C++ in 2016
published at 21.01.2016 16:08 by Jens Weller
Like in the previous years(2015, 2014 & 2013), a short outlook into the fresh year regarding C++...
In 2015 there were a few surprises, C++ has now its own podcast with CppCast, even more C++ blogs, which I share with you almost every week in the Meeting C++ blogroll. A big surprise was the announcement of the core guidelines for C++, followed by the release the Guidline Support Library. The Meeting C++ 2015 conference was a big success, the first videos are already online! But lets look forward into 2016...
Where should I start. Oh, yes, are you aware that we are now in the post Scott Meyers era? As with his last blogpost in 2016, he announced his retirement. Also just a few days ago, another C++ Titan has retired: Alex Stepanov. Both, Scott and Alex have been very important to C++, the STL is Stepanovs contribution to C++, in his great vision of generic programming. And Scott, he has been famous not only for his various books, but mostly been admired for his special way to teach the essence of C++. Yet we should remember, that retirement does not mean that they could not surprise us with something new in the future.
And, have you noticed, that 2016 + 1 is 2017? The year we expect that C++17 is released? This year, its C++17 which we can see taking shape, somethings are already clear, for everything else the C++ committee meets 3 times. Also, I expect this standard to be the first which really ships with "extensions", or Technical Specifications. There are some things, which might not make it in the Standard, simply because the should first mature inside a Technical Specification (aka TS), so using std::experimental and not yet standardized features might become normal in C++.
Conferences and C++ Committee Meetings.
As earlier mentioned, there are 3 C++ Committee meetings:
- 2016-02-29 to 03-05: Jacksonville, FL, USA
- 2016-06-20 to 25: Oulu, Finland
- 2016-11-07-12: Issaquah, WA, USA
There are meetings in 2017 in Issaquah (February) and Toronto (July) planned. Also there might be subgroup meetings, like last years library meeting in cologne. There is an overview page at isocpp.org for more details.

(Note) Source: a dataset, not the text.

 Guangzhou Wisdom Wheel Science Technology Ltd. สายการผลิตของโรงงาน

C++ Russia was the first C++ conference in Russia last year, and it is the first C++ conference in 2016, while Meeting C++ should be the last conference again, mid November. An overview, on C++ conferences in 2016:
- C++ Russia, 26-27 February
- ACCU, mid April (Bristol, UK)
- ADC, 25-26 April (Baveria, Germany)
- C++now, 9-14th May (Aspen, USA)*
- NDC Oslo, 6-10th June (Oslo, Norway)
- CppCon, mid September (Seattle, USA)*
- Qt Worldsummit, 18-20th October (San Francisco, USA)
- Meeting C++ 2016, 18-19th November (Berlin, Germany)*
* = meet me there, there are also two talks I want to prepare for this year.

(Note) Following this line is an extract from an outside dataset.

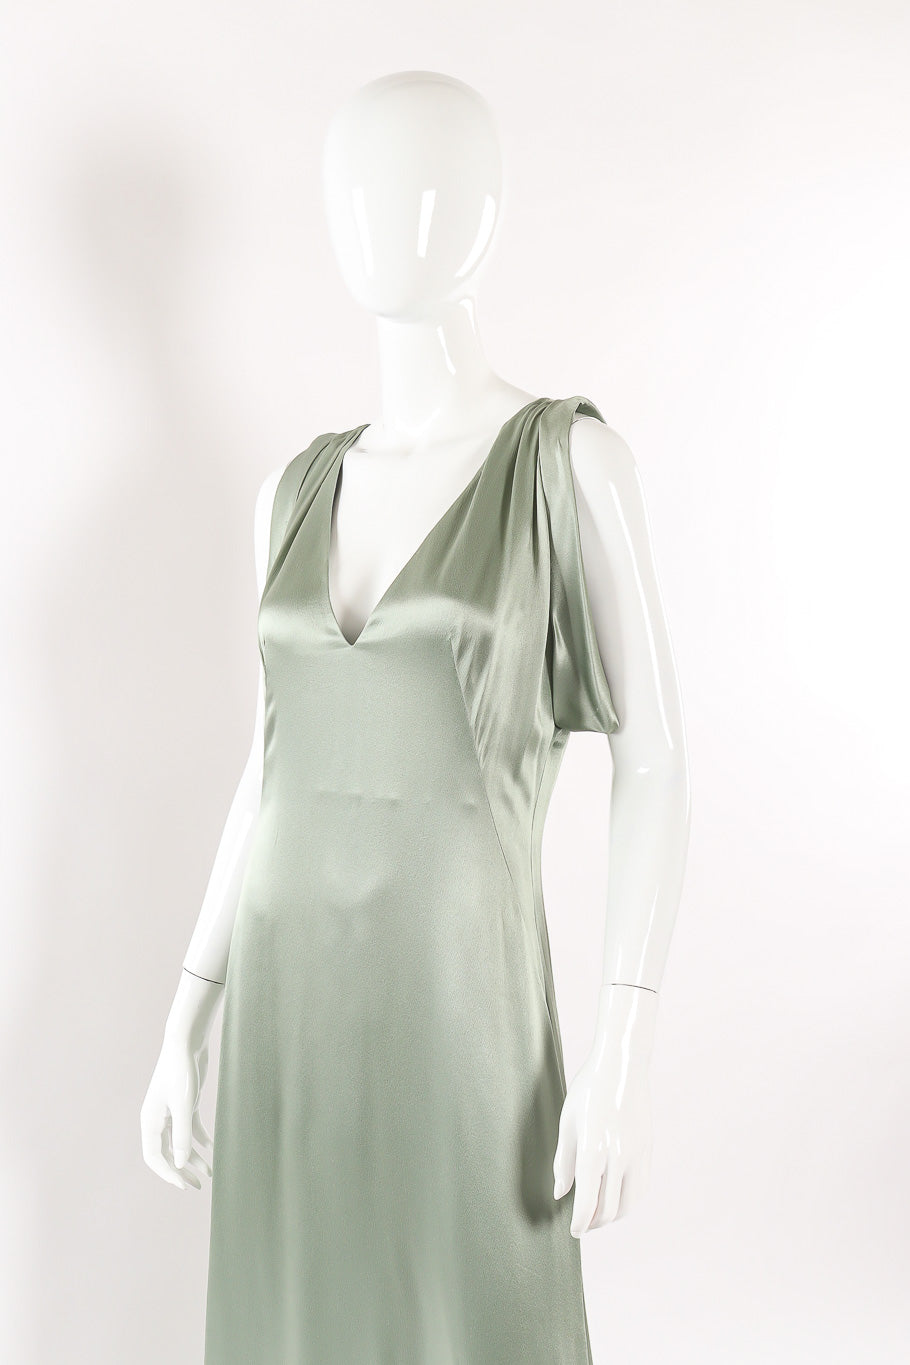 Gown with sweep train by Alexander McQueen mannequin 3/4  @recessla

Meeting C++ 2016 has not yet been announced, I plan to do this like last year in March. The opening keynote will be by Bjarne Stroustrup.
A trend started last year is, to release libraries with the minimum requirement of C++11. Both encryption libraries botan and Crypto++ have done so, and many others are on to it. Qt will release with 5.6 a long term maintance release supported for 3 more years, and move to C++11 with 5.7. While boost is known for modern C++ for a long time, some of its inner workings still are based on macro tricks rather then variadic templates, boost::mpl will not be updated to have C++11 support, rather its replacement hana has been accepted into boost, and with brigand there is a replacement for boost::mpl written in C++11, focusing on fast compile times. boost::fusion supports variadic templates since the 1.60 release. Another example is the decision of the C++ Actor Framework to only support the compilers of the last two years at release date.

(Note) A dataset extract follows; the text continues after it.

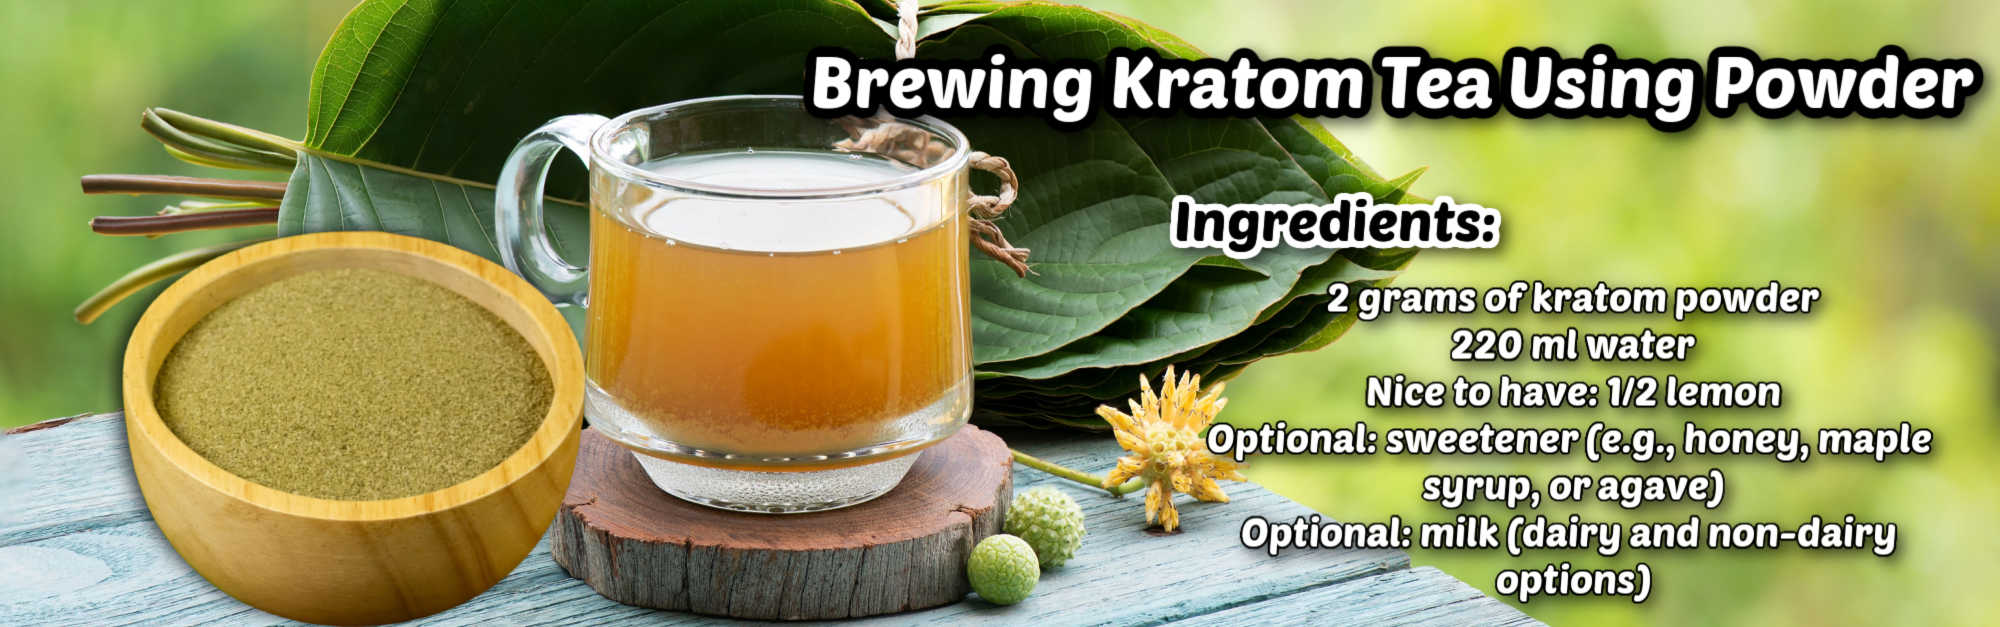 image of ingredients of brewing kratom tea using powder

So the C++ Libraries have started to reflect the standardization and modernization of C++ and its toolchains. So should your projects move, don't get left behind.
With Visual Studio 2015, there is almost full support of C++11 on the 3 major compiler platforms given. So, 2016 should be the year, where C++11 is fully implemented on all major toolsets ;) Clang has enabled an amazing set of tools to do what would have been considered advanced magic a few years ago. I expect this tool section to grow further in 2016. Last year there was a great lightning talk on clang tidy & format at Meeting C++.
A short overview on free tools you should know:
Some of the sanitizers are also available in GCC, and Herb Sutter showed in his CppCon Keynote last year a Visual Studio build in static analyzer. So, expect some surprises in the tool landscape for C++.
Also last year started two new IDEs for C++, CLion and Cevelop, both java based alternatives to Eclipse?
With the newest C++ User Group in Vietnam. There is now a truly international network of user groups meeting around the globe, hotspot is still Europe and North America. Please get in contact with me, if you want to have support from Meeting C++ for starting your own local user group!
There will be some changes in the website, as I slowly finish my work on my CMS. Once its done, I'll plan to port the website to it. There is some work to do on the C++ software which runs Meeting C++, new features are planned. Like in the last years, my focus will be on the community, user groups and planning the 5th Meeting C++ conference.